_What you should do_
No picture belongs in the copy. Repeat each line below exactly.

_Provided material_
== == ==
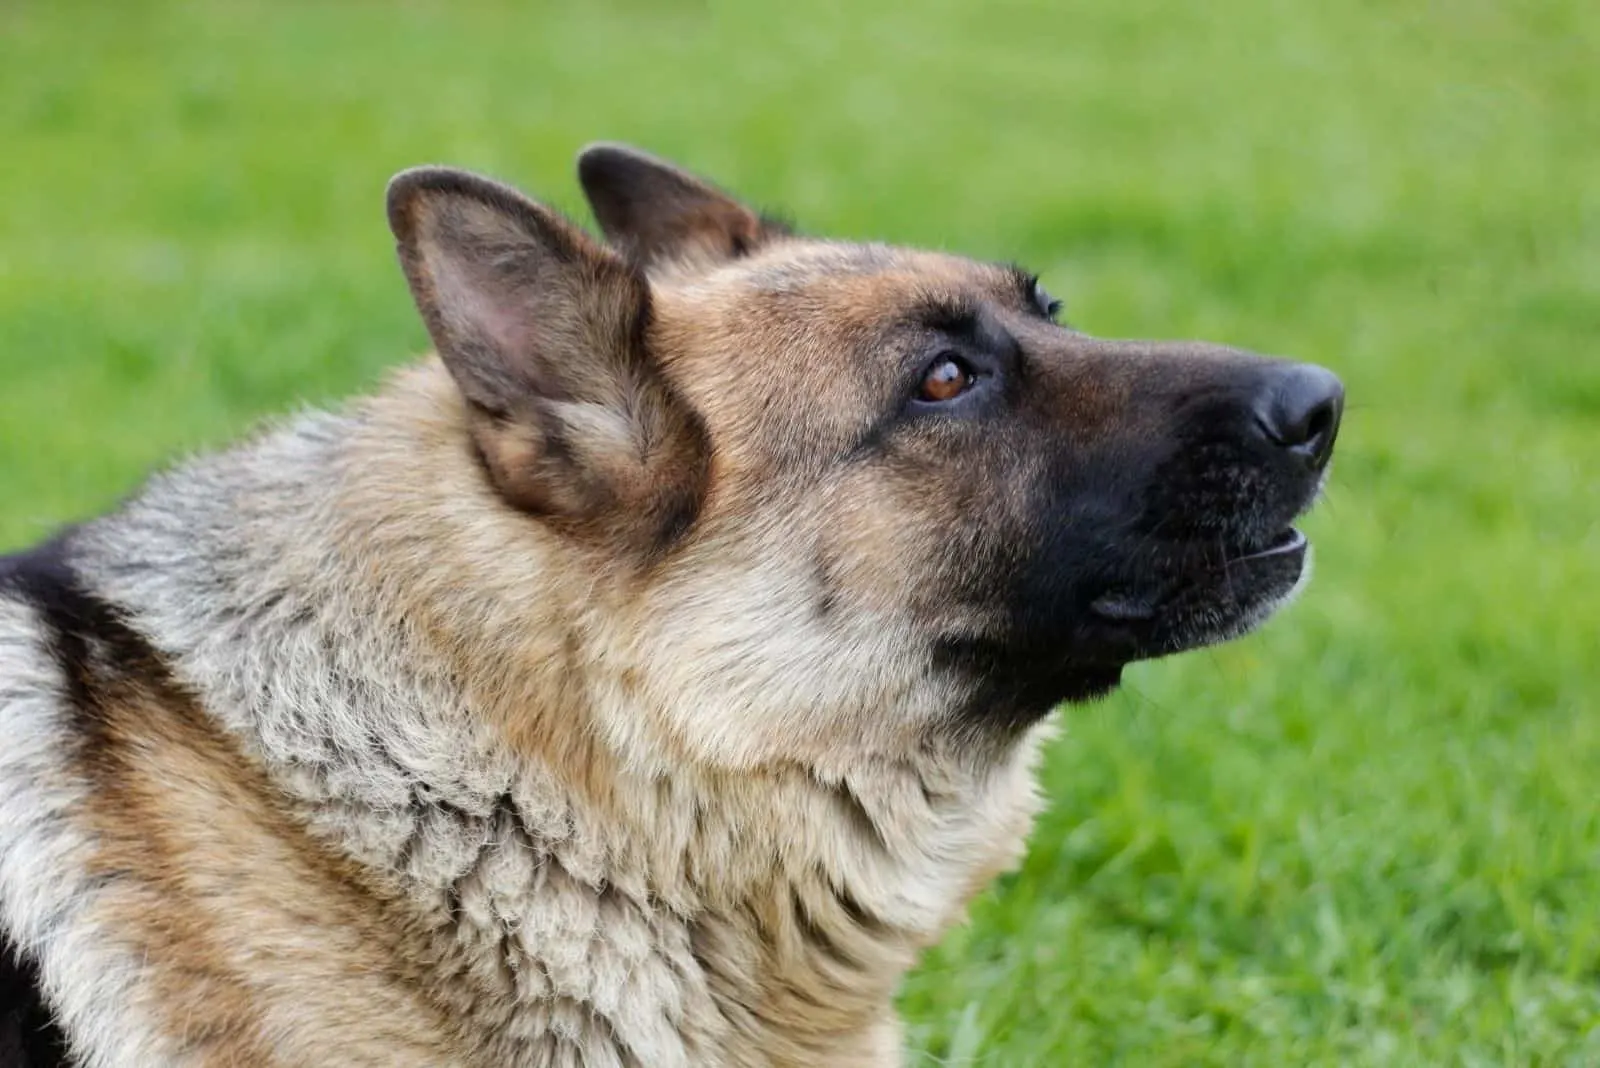 german shepherd howls in focus photography outdoors
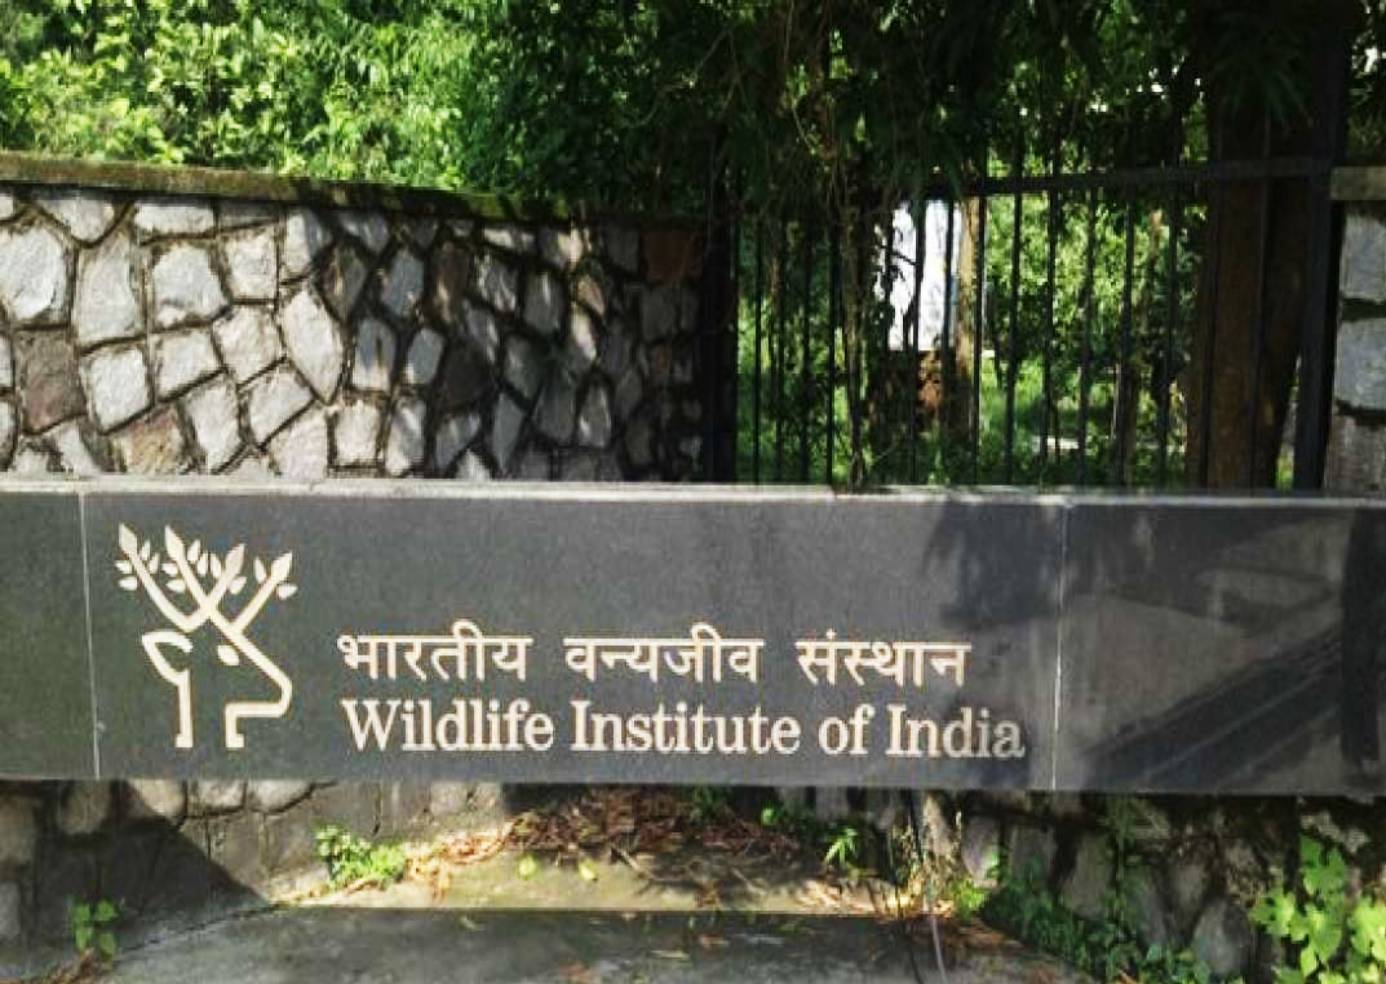 Wild life institute of India
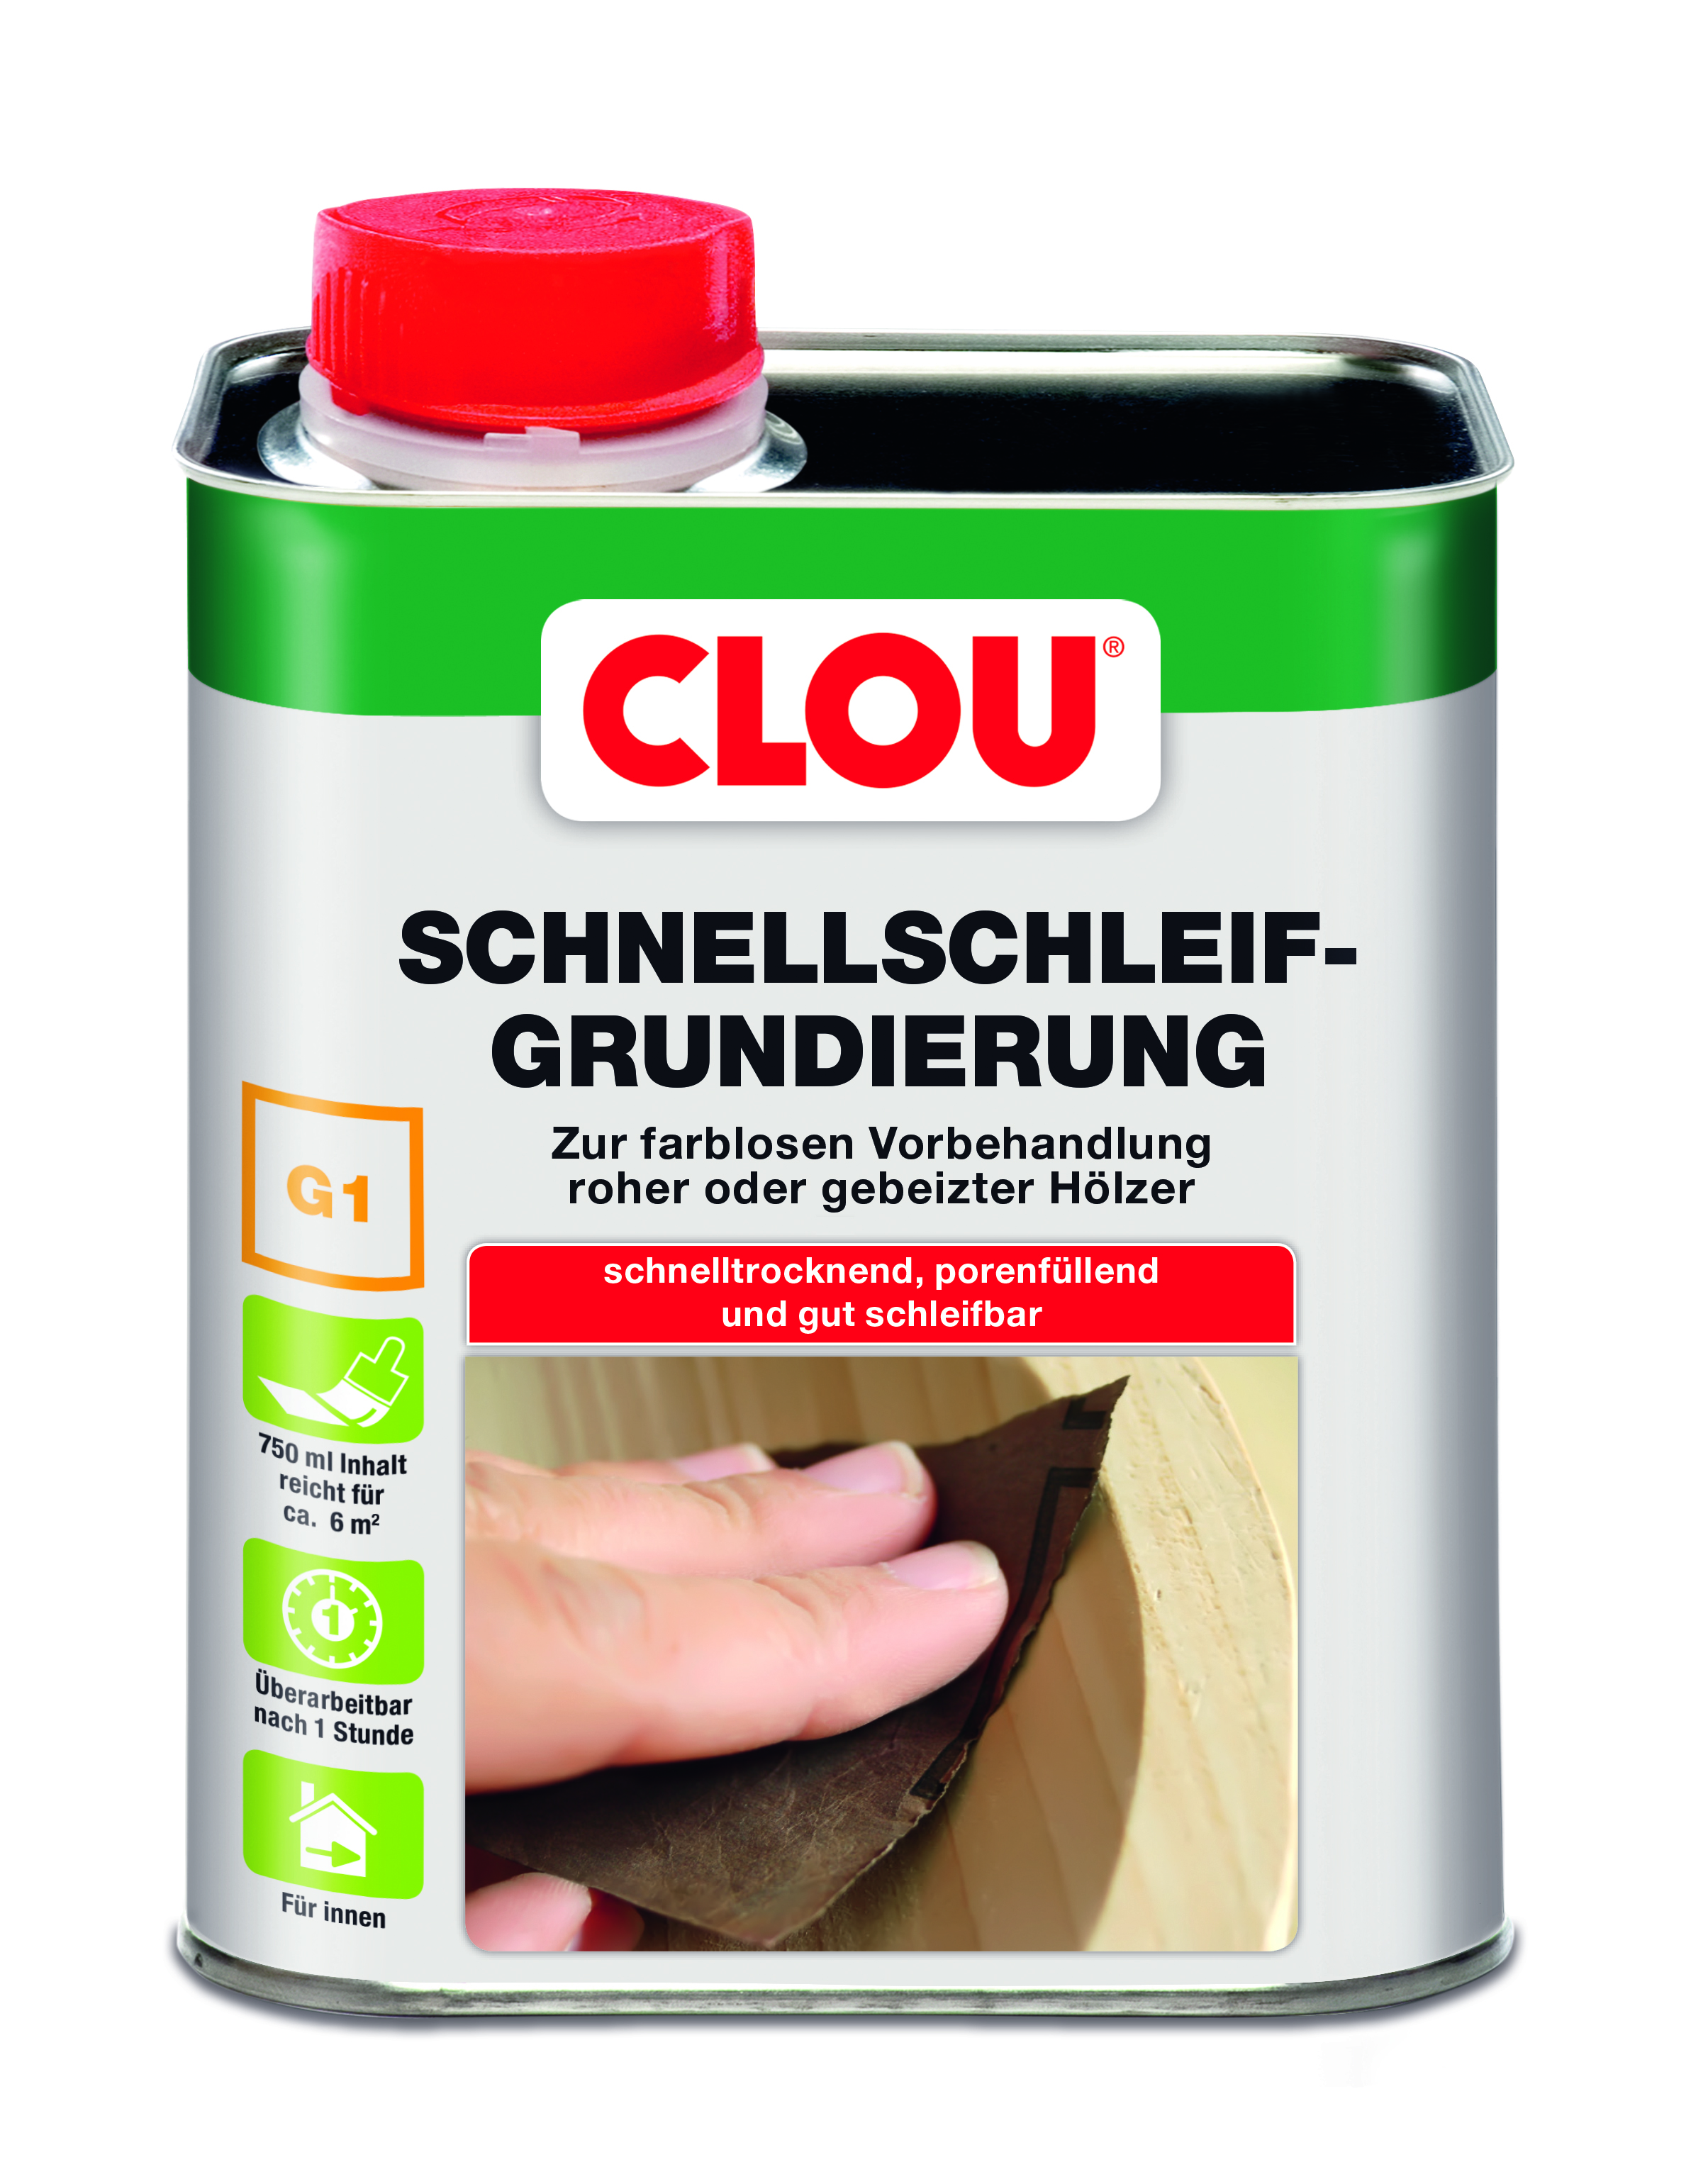 CLOU Schnellschleif-Grundierung G1, 750 ml
== == ==
_Your response_
 german shepherd howls in focus photography outdoors
 Wild life institute of India
 CLOU Schnellschleif-Grundierung G1, 750 ml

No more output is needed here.